Granell, along with many other of the refugees, became an important part of the cultural scene in this new country. He played first violin at the Symphonic created by another refugee, composer Casal Chapí, and began working for La Nación, a newspaper where he wrote about cultural events, art shows and commented on recently published books. With Dominican poets and intellectuals he created the well known La Poesía Sorprendida, one of the foremost literary magazines of the time.
He began painting in this tropical island. In 1941 a decisive event led to his absolute committment to surrealism. André Breton arrived at the island, also as an exile from the European war. Granell interviewed Breton for the newspaper and showed him his paintings. Breton encouraged and included him among those painters who were reinventing surrealism in the tropics. Granell held his first individual show in 1945 at the National Gallery of Fine Arts in Sant Domingo.
In 1947 Granell and his family moved to Guatemala where he began teaching at the School of Plastic Arts while at the same time being involved in many aristic activities. He spoke about art in the National Radio and collaborated in several magazines with articles and drawings. In 1947 André Breton and Marcel Duchamp invited him to participate in a collective exhibit at the Maeght Gallery in Paris, thus becoming an active participant in Paris’ surrealist movement.
After the outbreak of the Guatemalan revolution in 1949, and escaping once again from Stalinist persecution (which he had suffered in Spain during the war), Granell and his family moved to Puerto Rico in 1950 where he taught art at the University. Granell published his firt book, Isla cofre mítico, a poetical essay with his own illustrations. He participated in several shows, and, along with his students, organizad El Mirador Azul, a Studio where the group painted together and organized gatherings to talk and discuss art.
At this time he traveled to New York where he became friends with Marcel Duchamp. A friendship that like Breton’s and Péret’s was to last a lifetime. In 1954 Granell had a solo exhibit at the L’Etoile Scellée Gallery in Paris. Benjamín Péret wrote the text for the catalogue.
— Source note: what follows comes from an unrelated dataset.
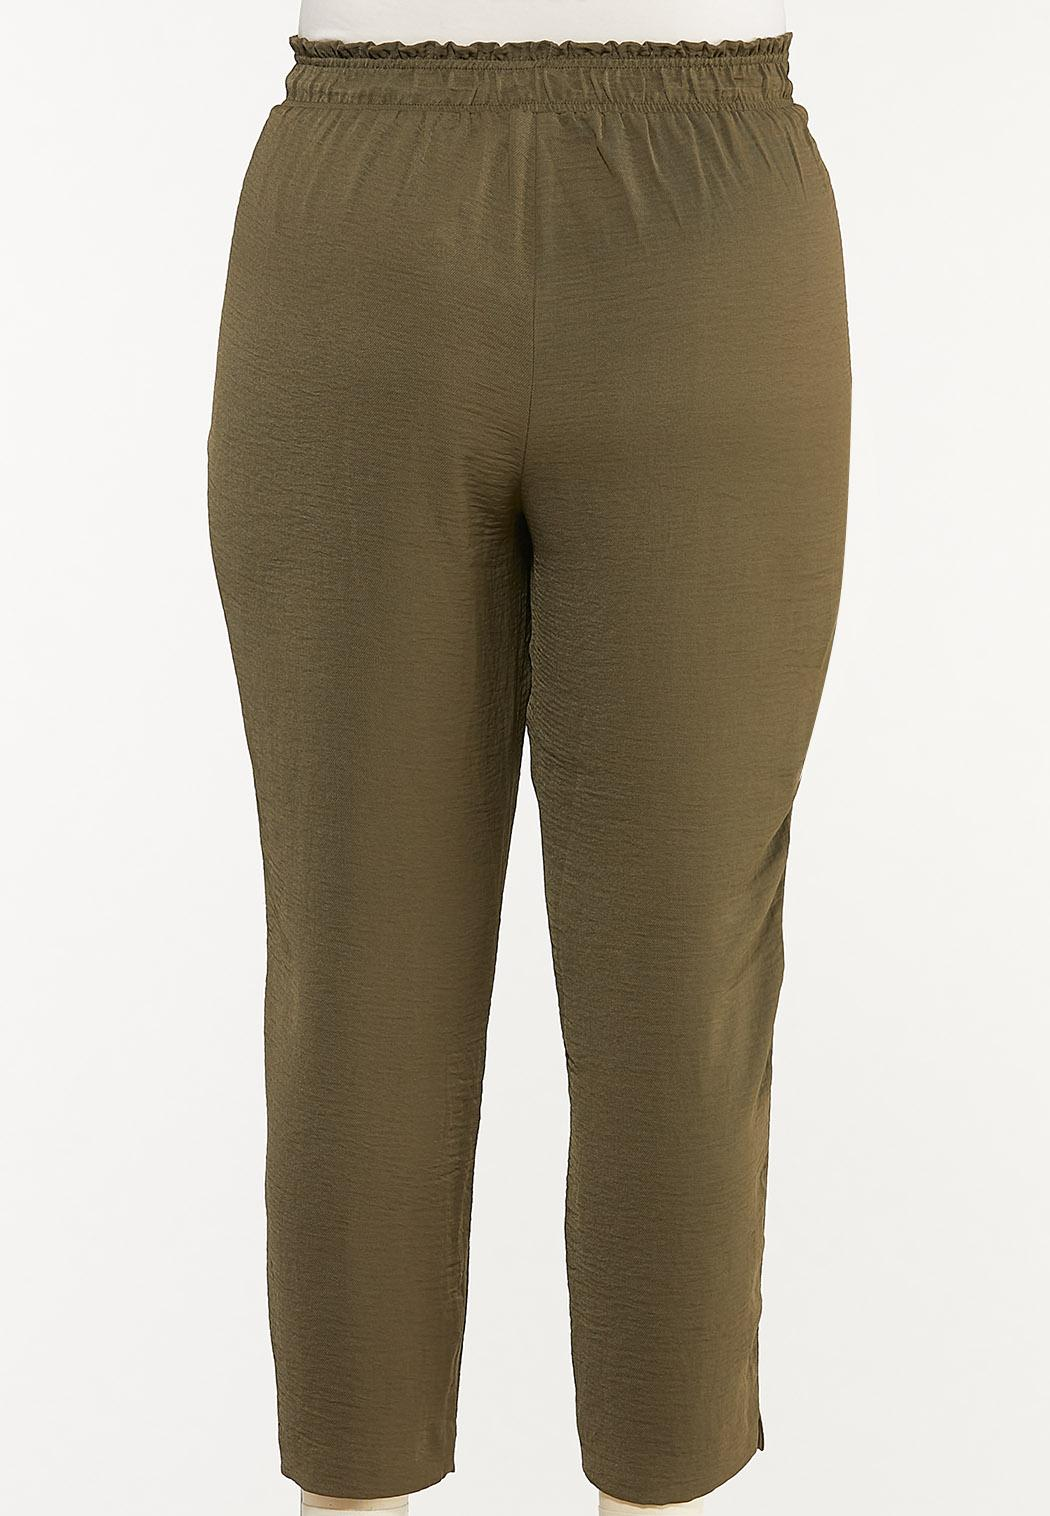 Plus Size Olive Track Pants (Item #44588666)

Granell and his family moved once again in 1965. This time to New York City where eventually they were to become American citizens. This way acquiring the first legal documents since going on exile in 1939. In 1957, New York’s William and Norma Copley Foundation awarded him a painting prize. Some of the members of the Foundation, besides Marcel Duchamp, were Jean Arp, Alfred Barr, Max Ernst, Julián Levy and Roberto Matta. Besides painting and teaching Spanish Literature at Brooklyn College, he continued writing and published La novela del Indio Tupinamba, a surrealist interpretation of the Spanish Civil war. In 1967 his doctoral thesis, Picasso’s Guernica. The End of a Spanish Era, was published by UMI Press. He continued to publish other books and was also busy with shows at the Bodley Gallery in New York City. In 1962 he joined Paris’ Phases surrealist group, led by Édouard Jaguer, who had inherited this post as organizer of surrealist events after Breton’s death.
When Granell retired in 1985, he and his wife returned to Spain. They settled in Madrid and, very quickly, he was recognized and received various prizes. Several major exhibits of his works were organized and eventually, in 1995, the Eugenio Granell Foundation was created in Santiago de Compostela, the city where he had spent his childhood and part of his youth. The Foundation, housed in a historic building in the historical part of the city, is dedicated to surrealism and contains Granell’s own paintings as well as his collection of surrealist art and a collection of ethnic works where the predominant objects are masks from different parts of the World and an interesting group of kachina dolls from the Hopi Indians. The museum now also holds Granell’s important library, archives, correspondence and photographs.
It is the only museum solely dedicated to surrealism.